This model only trained with 6,250 steps because of the time limit. So it maybe not as good as the model that I expected to train for 20,000 steps.

In [None]:
from transformers import AutoModelForCausalLM, AutoTokenizer
from peft import PeftModel
import torch

class MathProblemSolver:
    def __init__(self, base_model_path: str, lora_path: str):
        self.device = "cuda" if torch.cuda.is_available() else "cpu"
        
        self.tokenizer = AutoTokenizer.from_pretrained(
            base_model_path,
            trust_remote_code=True
        )
        
        if self.tokenizer.pad_token is None:
            self.tokenizer.pad_token = self.tokenizer.eos_token
        
        self.model = AutoModelForCausalLM.from_pretrained(
            base_model_path,
            torch_dtype=torch.float16,
            device_map="auto",
            trust_remote_code=True
        )
        
        # load lora
        self.model = PeftModel.from_pretrained(self.model, lora_path)
        self.model.eval()
        
        print("Model loaded successfully with LoRA adapter!")

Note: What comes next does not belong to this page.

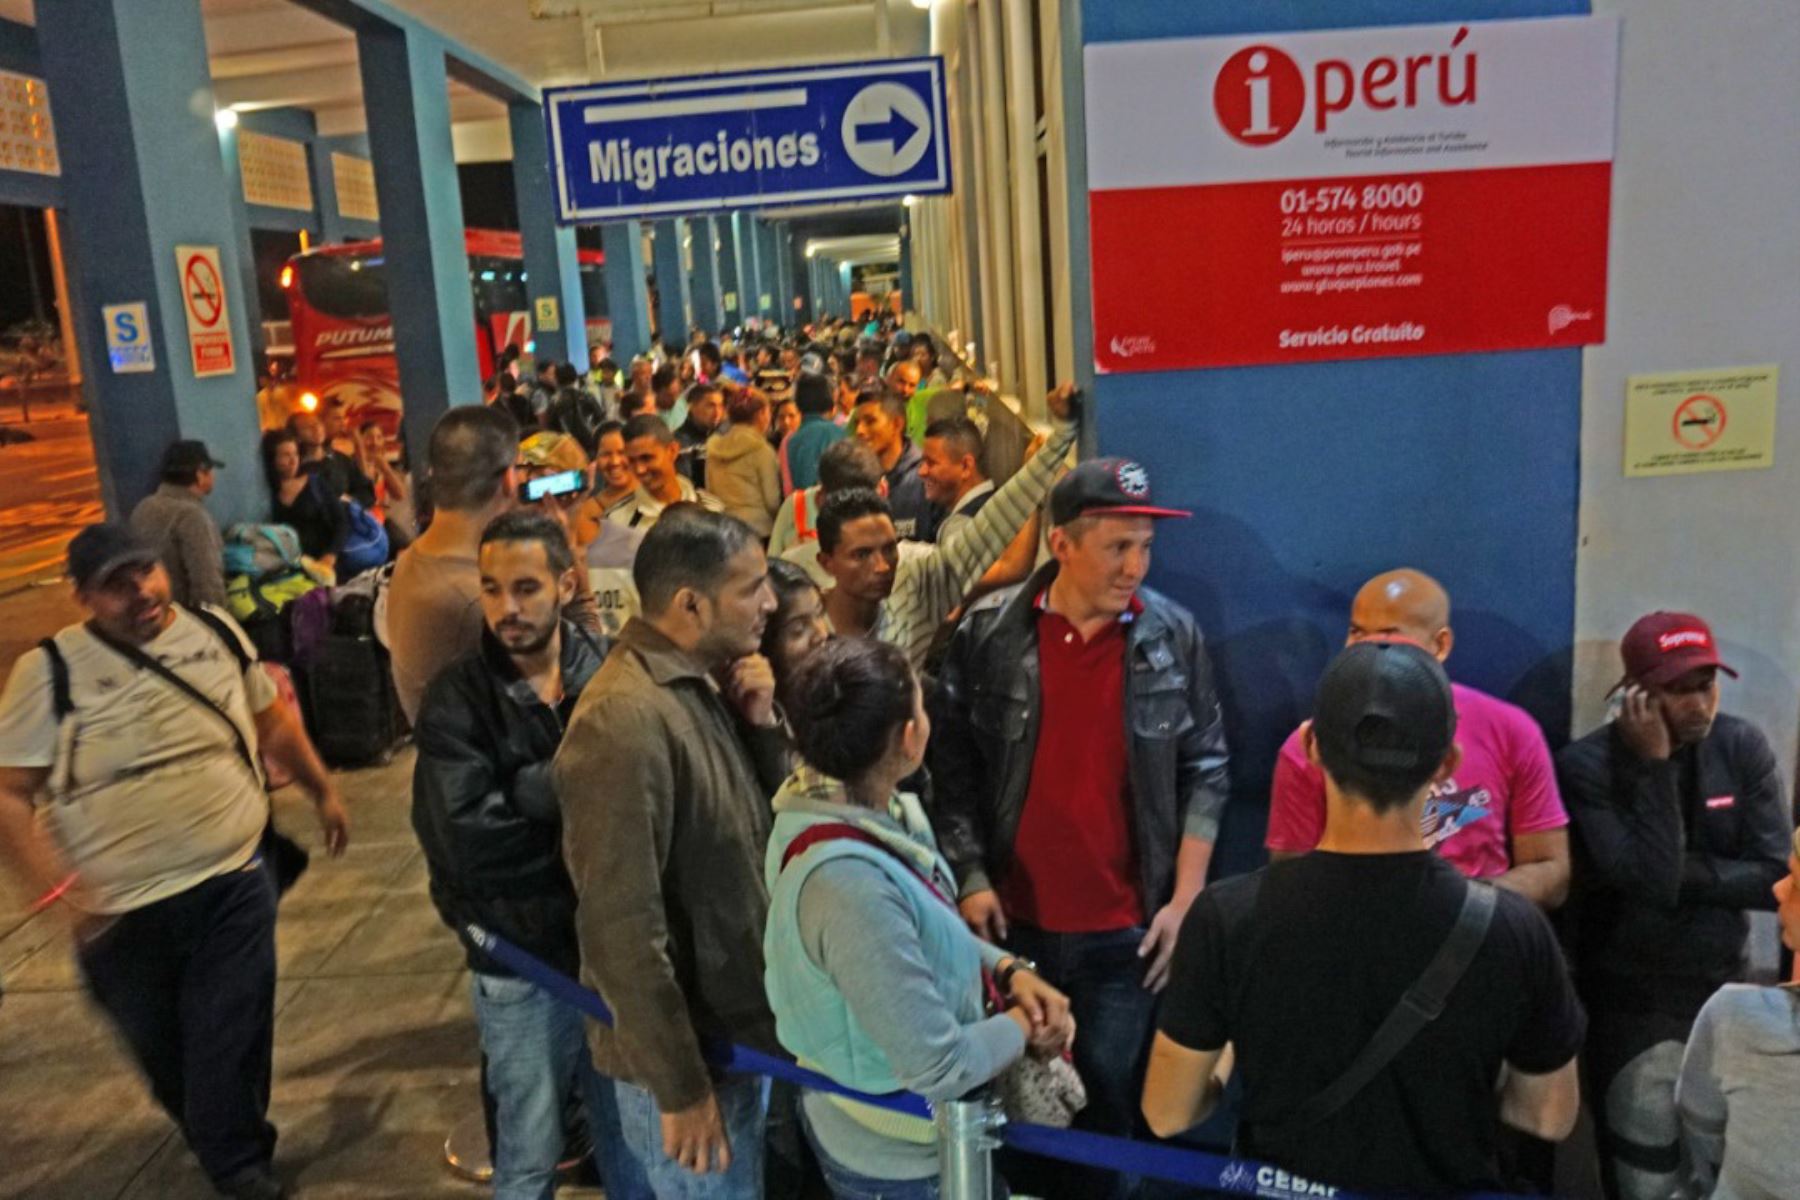 Más de 6,000 venezolanos han ingresado al Perú en últimas 48 horas a través de la frontera de Tumbes. Foto: Jahel Yovera.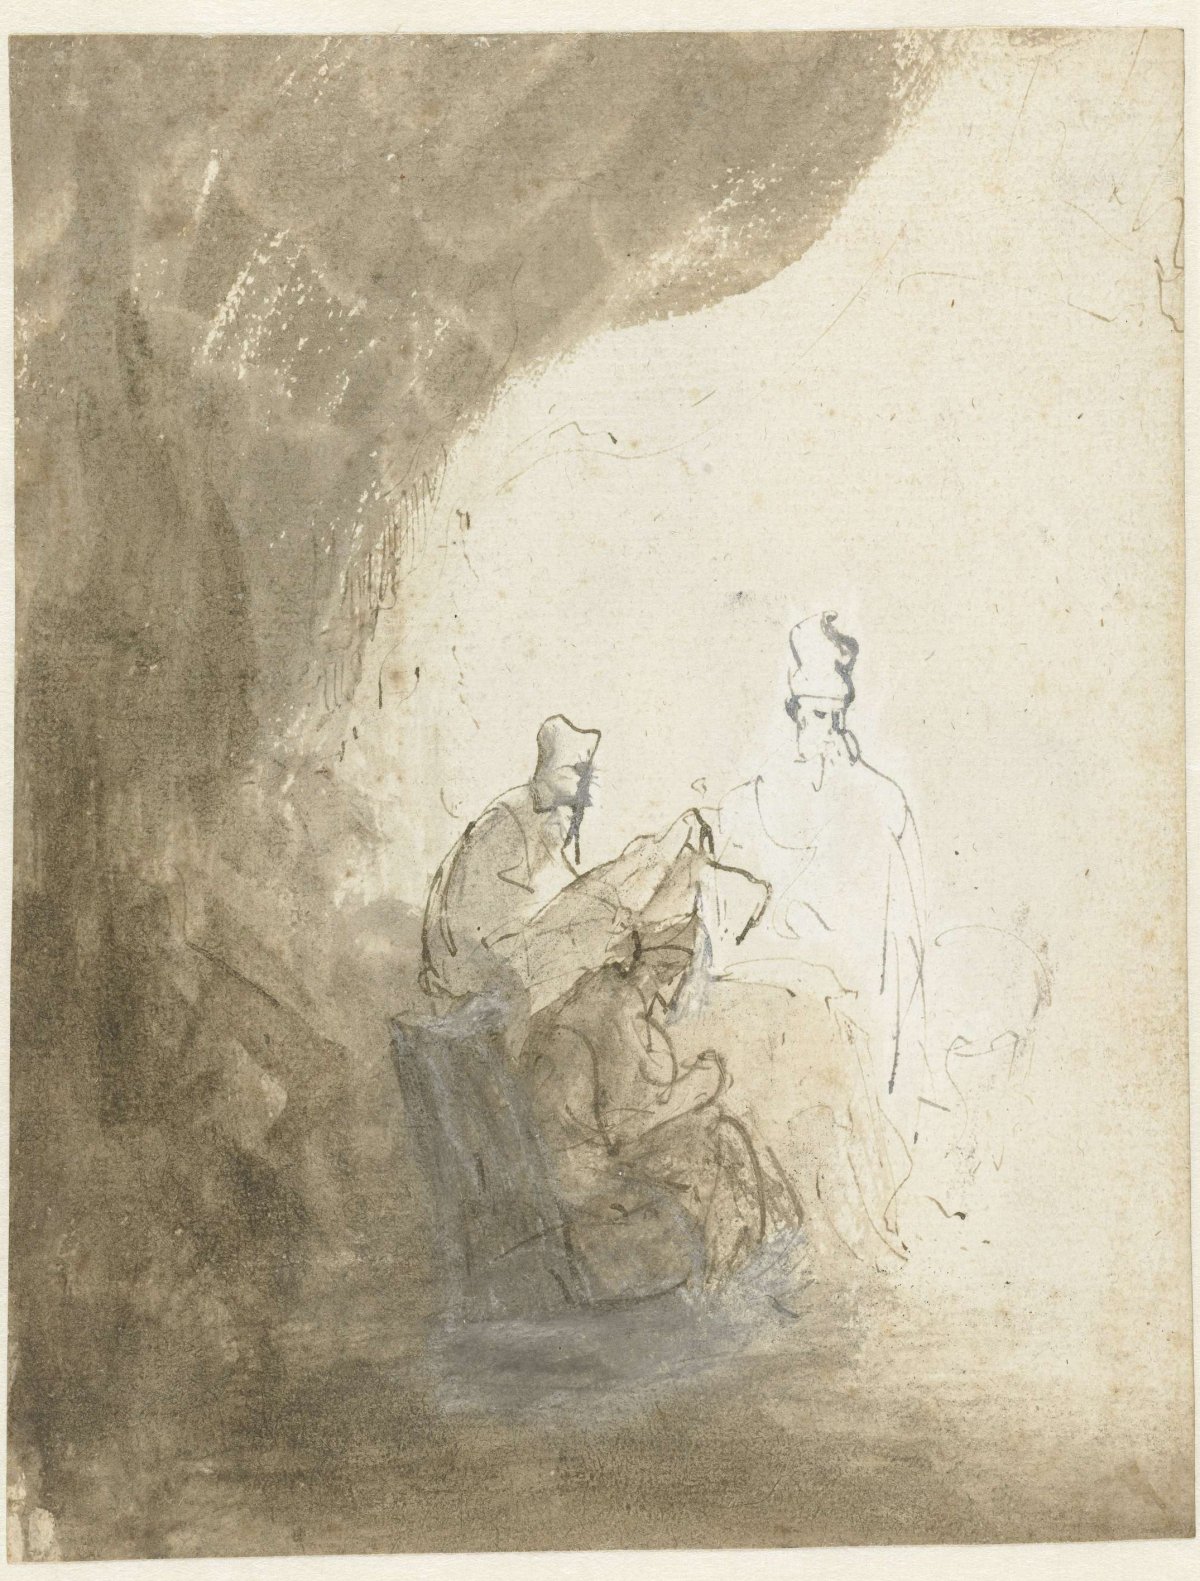 Three Scribes, Rembrandt van Rijn, c. 1628 - c. 1629

    def create_prompt(self, problem: str) -> str:
        return f"""Solve this math problem carefully and step by step. 
Provide detailed reasoning and put your final answer in \\boxed{{}}.

Problem: {problem}

Solution:"""

    def solve(self, problem: str) -> str:
        prompt = self.create_prompt(problem)
        
        inputs = self.tokenizer(
            prompt, 
            return_tensors="pt",
            truncation=True,
            max_length=1024
        ).to(self.device)
        
        with torch.no_grad():
            outputs = self.model.generate(
                **inputs,
                max_new_tokens=512,
                temperature=0.1,
                do_sample=True,
                pad_token_id=self.tokenizer.eos_token_id,
                repetition_penalty=1.1
            )
        
        full_response = self.tokenizer.decode(outputs[0], skip_special_tokens=True)
        return full_response[len(prompt):].strip()

def main():
    BASE_MODEL_PATH = "zai-org/glm-4-9b-chat-hf"
    LORA_PATH = "GLM4-OpenR1" 
    
    solver = MathProblemSolver(BASE_MODEL_PATH, LORA_PATH)

    problems = [
        "If x + y = 10 and x - y = 4, what is the value of x?",
        "Find the sum of the roots of the equation x^2 - 5x + 6 = 0.",
    ]
    
    for i, problem in enumerate(problems, 1):
        print(f"\n{'='*50}")
        print(f"Problem #{i}: {problem}")
        print(f"{'='*50}")
        
        solution = solver.solve(problem)
        print("Model's Solution:")
        print(solution)
        print(f"{'='*50}")

if __name__ == "__main__":
    main()